2.3. Statistical Analysis
All the data were analyzed with the SPSS 21.0 software, with the measurement data presented as x ± s. If the data were normally distributed, ANOVA was performed to compare among the groups, which was followed by the least significant difference (LSD) correction. Otherwise, nonparametric analysis was carried out. A difference of P < 0.05 was considered to be significant. Plots were drawn with GraphPad Prism v8.
3. Results
3.1. General Condition
The rats in the control group were healthy, and they showed normal appetite. In contrast, the activities of rats in the remaining groups gradually reduced. Relative to the control group, both the model and intervention groups showed signs of mental fatigue, coughing, decreased appetite, no weight gain, and delayed responses to external stimuli. The symptoms in the M + D group were mild.
3.2. Pulmonary Pathological Changes
According to the outcomes of our prior experiment, the animals were sacrificed at 20 w, and HE and Masson staining were performed (Figure 1). HE staining showed that the control group exhibited a clear alveolar structure with a thin alveolar wall. The samples had no thickened or congested alveolar septa, inflammatory cell infiltration, or bleeding. The M group exhibited collapsed and destroyed alveolar structure and abundant deposited collagen, with collagen and fibrin occupying the alveolar septa and alveoli. The M + D group exhibited a large number of inflammatory cells with granulomatous changes. Masson staining showed that the control group did not have deposited collagen in lung cells. In the M group, plenty of collagen fibers that were stained blue were observed in the alveoli, and there was collagen fiber proliferation in the great vessel wall. Collagen fibers surrounded inflammatory cells with noticeable interstitial fibrosis, with some alveolar septa thickened. Part of alveolar structure disappeared with fibroblasts proliferating around the glands. Fibrous tissue extended in patches. The M + D group exhibited a small amount of deposited collagen.
3.3. α-SMA Level
The protein levels of α-SMA in the groups were observed using immunohistochemistry (Figure 2). Protein-positive signals were indicated by brownish-yellow granules, and they were primarily located in the pulmonary interstitium. Stronger positive reaction signals indicate a more severe inflammation in the area. Relative to the control group, the remaining groups both showed stronger positive signals (P < 0.05), but the number of positive granules in the intervention group (M + D) was noticeably less than the M group. Relative to the control group, the M and M + D groups both had higher α-SMA levels (P < 0.05), but the levels in the latter group were significantly lower than the former group (P < 0.05).
3.4. Key Notch Proteins
The key proteins of the Notch pathway in rat lungs were analyzed using immunohistochemistry. In Figure 3, the key proteins of the Notch signaling pathway are indicated in the x axis, i.e., Notch1, Notch2, Jag1, Jag2, DLL1, and DLL4. In the figure, positive signals were indicated by brownish-yellow granules, which mostly concentrated in the pulmonary interstitium, and stronger positive signals indicated more severe inflammation in the area. Positive signals for the key proteins were consistent across the groups. Relative to the control group, the M group showed markedly stronger signals. Compared with the M group, however, the M + D group had noticeably reduced signals. Consistently, although the M and M + D groups showed significantly higher levels of key proteins than the control group, the M + D group had significantly lower levels of these proteins than the M group (P < 0.05; Figure 4).

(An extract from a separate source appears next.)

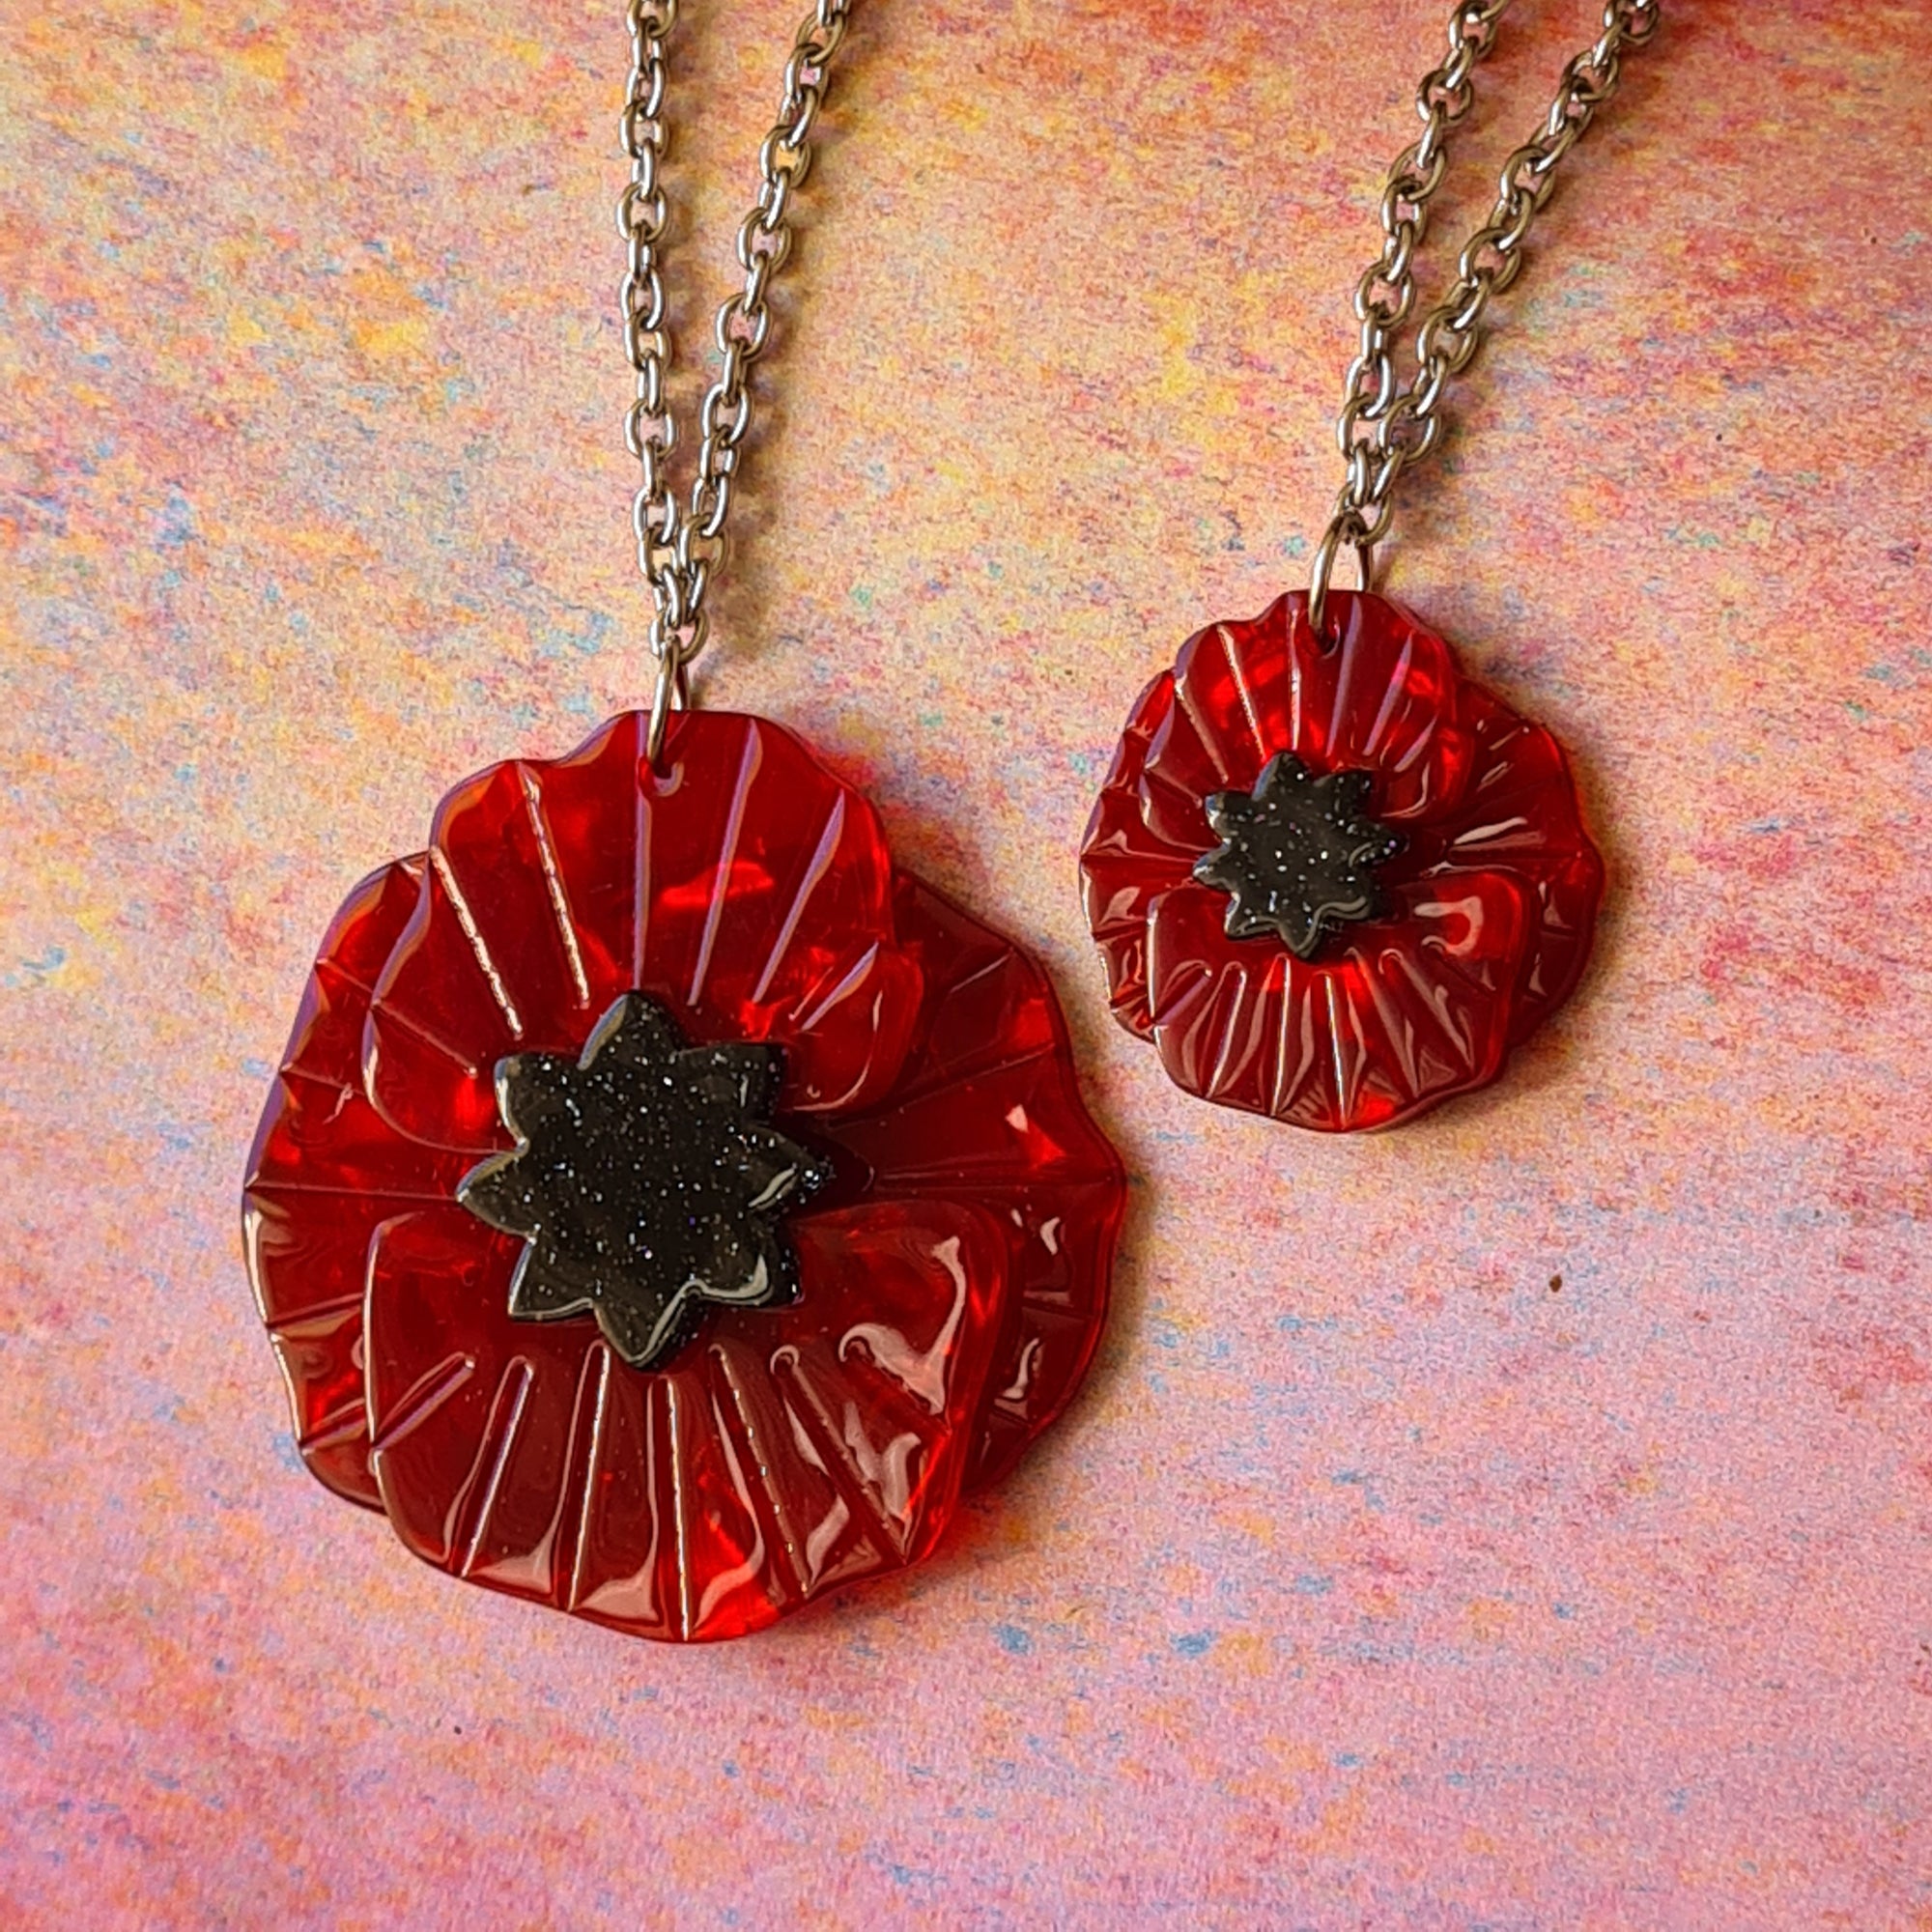 Poppy Field Pendant Necklace (Choose from Large or Mini)  by Erstwilder

3.5. Oxidative Stress in Pulmonary Fibrosis
Serum and pulmonary SOD, GSH-PX, MDA, and ROS levels were detected (Figure 5). Relative to the control group, both the M and M + D groups had a significantly higher ROS level (P < 0.05), and the M and M + D groups did not show a significant difference (P < 0.05). In terms of SOD and GSH-PX, despite significantly lower levels in the M and M + D groups relative to the control, the M + D group had higher levels than the M group (P < 0.05). The M and M + D groups also had higher MDA levels than the control (P < 0.05), and similarly, the M + D group exhibited a reduced level compared with the M group (P < 0.05).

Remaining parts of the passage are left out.